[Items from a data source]
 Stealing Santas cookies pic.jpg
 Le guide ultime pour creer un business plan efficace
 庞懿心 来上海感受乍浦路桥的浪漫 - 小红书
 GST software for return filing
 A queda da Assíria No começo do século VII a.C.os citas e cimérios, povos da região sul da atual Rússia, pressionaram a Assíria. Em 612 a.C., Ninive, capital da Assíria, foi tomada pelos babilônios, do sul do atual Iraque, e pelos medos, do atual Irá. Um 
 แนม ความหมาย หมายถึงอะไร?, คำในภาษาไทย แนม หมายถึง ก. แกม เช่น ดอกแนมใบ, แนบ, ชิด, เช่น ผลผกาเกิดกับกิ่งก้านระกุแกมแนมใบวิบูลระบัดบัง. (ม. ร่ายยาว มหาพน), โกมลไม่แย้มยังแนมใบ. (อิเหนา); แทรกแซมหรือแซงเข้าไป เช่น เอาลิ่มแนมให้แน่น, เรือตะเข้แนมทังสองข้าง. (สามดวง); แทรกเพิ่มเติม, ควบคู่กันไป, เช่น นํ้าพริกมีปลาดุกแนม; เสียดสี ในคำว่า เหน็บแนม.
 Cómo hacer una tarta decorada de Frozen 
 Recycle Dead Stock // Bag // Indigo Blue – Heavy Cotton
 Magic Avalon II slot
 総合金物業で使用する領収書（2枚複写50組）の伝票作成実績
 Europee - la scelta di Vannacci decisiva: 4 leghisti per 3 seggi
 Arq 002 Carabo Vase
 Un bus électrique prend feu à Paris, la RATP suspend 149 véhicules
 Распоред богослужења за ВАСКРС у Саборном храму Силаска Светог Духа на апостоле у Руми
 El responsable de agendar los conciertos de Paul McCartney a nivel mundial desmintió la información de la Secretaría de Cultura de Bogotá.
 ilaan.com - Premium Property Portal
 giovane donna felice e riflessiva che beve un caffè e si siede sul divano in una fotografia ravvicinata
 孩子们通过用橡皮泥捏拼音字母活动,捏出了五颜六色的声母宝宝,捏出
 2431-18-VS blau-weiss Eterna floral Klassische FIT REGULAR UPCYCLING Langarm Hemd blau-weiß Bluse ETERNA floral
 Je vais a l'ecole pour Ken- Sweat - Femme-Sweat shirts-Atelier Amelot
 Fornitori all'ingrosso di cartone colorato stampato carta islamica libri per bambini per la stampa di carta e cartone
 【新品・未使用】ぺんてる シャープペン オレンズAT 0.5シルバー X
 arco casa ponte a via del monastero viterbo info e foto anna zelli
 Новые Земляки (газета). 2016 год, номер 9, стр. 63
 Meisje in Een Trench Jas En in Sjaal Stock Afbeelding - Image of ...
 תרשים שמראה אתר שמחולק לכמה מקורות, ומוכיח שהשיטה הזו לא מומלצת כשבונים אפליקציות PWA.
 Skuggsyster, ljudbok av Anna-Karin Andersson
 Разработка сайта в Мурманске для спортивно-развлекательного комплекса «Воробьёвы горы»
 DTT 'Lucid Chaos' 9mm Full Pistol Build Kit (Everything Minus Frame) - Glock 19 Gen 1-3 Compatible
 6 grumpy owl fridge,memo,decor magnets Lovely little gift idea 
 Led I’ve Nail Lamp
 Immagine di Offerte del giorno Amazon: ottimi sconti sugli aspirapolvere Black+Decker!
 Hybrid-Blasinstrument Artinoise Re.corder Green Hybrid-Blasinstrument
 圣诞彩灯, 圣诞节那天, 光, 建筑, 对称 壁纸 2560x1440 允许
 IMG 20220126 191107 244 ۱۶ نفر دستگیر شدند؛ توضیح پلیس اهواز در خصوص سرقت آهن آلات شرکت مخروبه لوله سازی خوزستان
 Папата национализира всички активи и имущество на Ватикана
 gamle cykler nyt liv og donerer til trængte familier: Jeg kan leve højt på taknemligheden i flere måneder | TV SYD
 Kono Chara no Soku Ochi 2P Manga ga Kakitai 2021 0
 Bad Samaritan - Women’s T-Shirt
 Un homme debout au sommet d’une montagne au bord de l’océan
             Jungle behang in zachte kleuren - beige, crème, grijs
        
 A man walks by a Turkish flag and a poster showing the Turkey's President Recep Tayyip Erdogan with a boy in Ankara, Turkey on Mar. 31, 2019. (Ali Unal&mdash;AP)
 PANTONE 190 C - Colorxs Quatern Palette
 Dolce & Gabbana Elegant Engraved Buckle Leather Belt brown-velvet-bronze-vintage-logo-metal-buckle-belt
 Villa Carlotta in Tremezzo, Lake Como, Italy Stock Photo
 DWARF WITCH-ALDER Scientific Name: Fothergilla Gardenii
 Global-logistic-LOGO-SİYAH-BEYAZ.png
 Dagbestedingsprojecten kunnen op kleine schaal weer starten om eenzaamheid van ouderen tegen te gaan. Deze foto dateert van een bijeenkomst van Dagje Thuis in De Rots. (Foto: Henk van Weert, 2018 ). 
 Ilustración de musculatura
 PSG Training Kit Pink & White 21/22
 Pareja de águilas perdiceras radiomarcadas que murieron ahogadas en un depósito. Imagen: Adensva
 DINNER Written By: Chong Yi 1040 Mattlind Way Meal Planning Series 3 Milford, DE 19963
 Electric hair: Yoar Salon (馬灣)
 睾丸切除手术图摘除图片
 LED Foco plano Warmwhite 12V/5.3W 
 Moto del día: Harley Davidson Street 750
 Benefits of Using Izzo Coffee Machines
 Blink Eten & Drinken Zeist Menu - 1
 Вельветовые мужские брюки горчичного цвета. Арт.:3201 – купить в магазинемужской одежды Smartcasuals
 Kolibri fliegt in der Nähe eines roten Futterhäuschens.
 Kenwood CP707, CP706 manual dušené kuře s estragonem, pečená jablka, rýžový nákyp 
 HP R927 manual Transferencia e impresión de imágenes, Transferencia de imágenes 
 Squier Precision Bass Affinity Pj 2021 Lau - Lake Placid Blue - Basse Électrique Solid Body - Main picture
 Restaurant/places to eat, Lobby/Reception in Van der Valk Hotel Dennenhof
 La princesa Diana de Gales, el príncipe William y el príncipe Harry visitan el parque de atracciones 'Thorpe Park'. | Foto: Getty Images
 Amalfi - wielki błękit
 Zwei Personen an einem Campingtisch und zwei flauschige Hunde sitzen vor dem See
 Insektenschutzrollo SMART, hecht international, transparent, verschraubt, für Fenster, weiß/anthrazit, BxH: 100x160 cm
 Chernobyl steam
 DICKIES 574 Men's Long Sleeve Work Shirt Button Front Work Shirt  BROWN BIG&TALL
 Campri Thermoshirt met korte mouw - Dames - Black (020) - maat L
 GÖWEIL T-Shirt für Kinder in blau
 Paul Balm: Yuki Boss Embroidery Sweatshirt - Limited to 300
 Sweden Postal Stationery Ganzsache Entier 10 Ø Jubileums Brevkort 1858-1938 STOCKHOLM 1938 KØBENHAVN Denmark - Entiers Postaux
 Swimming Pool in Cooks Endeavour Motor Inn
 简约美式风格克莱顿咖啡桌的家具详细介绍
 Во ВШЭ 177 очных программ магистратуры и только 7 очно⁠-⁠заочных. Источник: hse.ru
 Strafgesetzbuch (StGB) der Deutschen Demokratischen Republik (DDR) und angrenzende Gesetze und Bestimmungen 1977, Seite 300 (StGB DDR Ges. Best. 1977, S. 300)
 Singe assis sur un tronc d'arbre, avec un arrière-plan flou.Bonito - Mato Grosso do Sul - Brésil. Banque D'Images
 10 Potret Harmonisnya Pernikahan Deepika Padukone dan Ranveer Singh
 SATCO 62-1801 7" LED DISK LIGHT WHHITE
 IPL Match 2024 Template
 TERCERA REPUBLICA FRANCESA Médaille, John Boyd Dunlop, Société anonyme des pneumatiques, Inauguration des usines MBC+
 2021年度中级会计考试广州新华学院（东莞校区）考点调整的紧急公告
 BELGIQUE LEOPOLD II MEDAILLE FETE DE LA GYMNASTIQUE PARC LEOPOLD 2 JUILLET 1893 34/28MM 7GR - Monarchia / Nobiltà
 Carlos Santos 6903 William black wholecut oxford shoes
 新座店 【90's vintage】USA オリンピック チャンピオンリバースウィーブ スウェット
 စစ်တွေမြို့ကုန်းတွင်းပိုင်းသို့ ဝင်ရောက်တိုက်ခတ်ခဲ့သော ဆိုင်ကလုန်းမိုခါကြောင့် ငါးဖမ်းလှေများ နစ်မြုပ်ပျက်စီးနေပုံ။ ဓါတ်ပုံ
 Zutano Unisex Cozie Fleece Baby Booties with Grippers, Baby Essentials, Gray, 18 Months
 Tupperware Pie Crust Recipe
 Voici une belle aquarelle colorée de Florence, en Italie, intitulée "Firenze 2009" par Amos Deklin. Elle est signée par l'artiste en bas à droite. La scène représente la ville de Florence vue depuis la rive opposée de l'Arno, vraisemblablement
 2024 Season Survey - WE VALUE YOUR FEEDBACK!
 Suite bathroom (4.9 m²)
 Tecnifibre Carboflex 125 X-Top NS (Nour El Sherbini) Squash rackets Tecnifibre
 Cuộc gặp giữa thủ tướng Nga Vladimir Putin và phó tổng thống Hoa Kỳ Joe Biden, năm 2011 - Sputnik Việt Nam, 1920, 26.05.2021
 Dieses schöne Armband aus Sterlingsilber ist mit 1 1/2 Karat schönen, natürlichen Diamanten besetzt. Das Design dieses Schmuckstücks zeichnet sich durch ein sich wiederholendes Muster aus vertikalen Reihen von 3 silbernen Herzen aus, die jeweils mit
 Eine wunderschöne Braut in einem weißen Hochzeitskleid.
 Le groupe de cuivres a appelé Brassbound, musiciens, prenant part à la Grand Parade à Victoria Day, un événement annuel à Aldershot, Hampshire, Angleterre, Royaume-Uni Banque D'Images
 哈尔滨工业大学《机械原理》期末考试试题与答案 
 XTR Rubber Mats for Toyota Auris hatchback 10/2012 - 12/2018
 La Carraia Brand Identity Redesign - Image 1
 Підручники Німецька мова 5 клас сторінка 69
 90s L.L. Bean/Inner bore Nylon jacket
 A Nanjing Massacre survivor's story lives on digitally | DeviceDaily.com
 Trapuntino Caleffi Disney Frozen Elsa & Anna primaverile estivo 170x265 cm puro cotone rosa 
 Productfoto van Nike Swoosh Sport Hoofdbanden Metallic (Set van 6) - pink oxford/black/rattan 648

→ **EXERCISE BRIEF**
Start with the line above that contains "Папата национализира всички" and end with the line that contains "A man walks". Write out those lines exactly, and only those.

→ **FINAL ANSWER**
 Папата национализира всички активи и имущество на Ватикана
 gamle cykler nyt liv og donerer til trængte familier: Jeg kan leve højt på taknemligheden i flere måneder | TV SYD
 Kono Chara no Soku Ochi 2P Manga ga Kakitai 2021 0
 Bad Samaritan - Women’s T-Shirt
 Un homme debout au sommet d’une montagne au bord de l’océan
             Jungle behang in zachte kleuren - beige, crème, grijs
        
 A man walks by a Turkish flag and a poster showing the Turkey's President Recep Tayyip Erdogan with a boy in Ankara, Turkey on Mar. 31, 2019. (Ali Unal&mdash;AP)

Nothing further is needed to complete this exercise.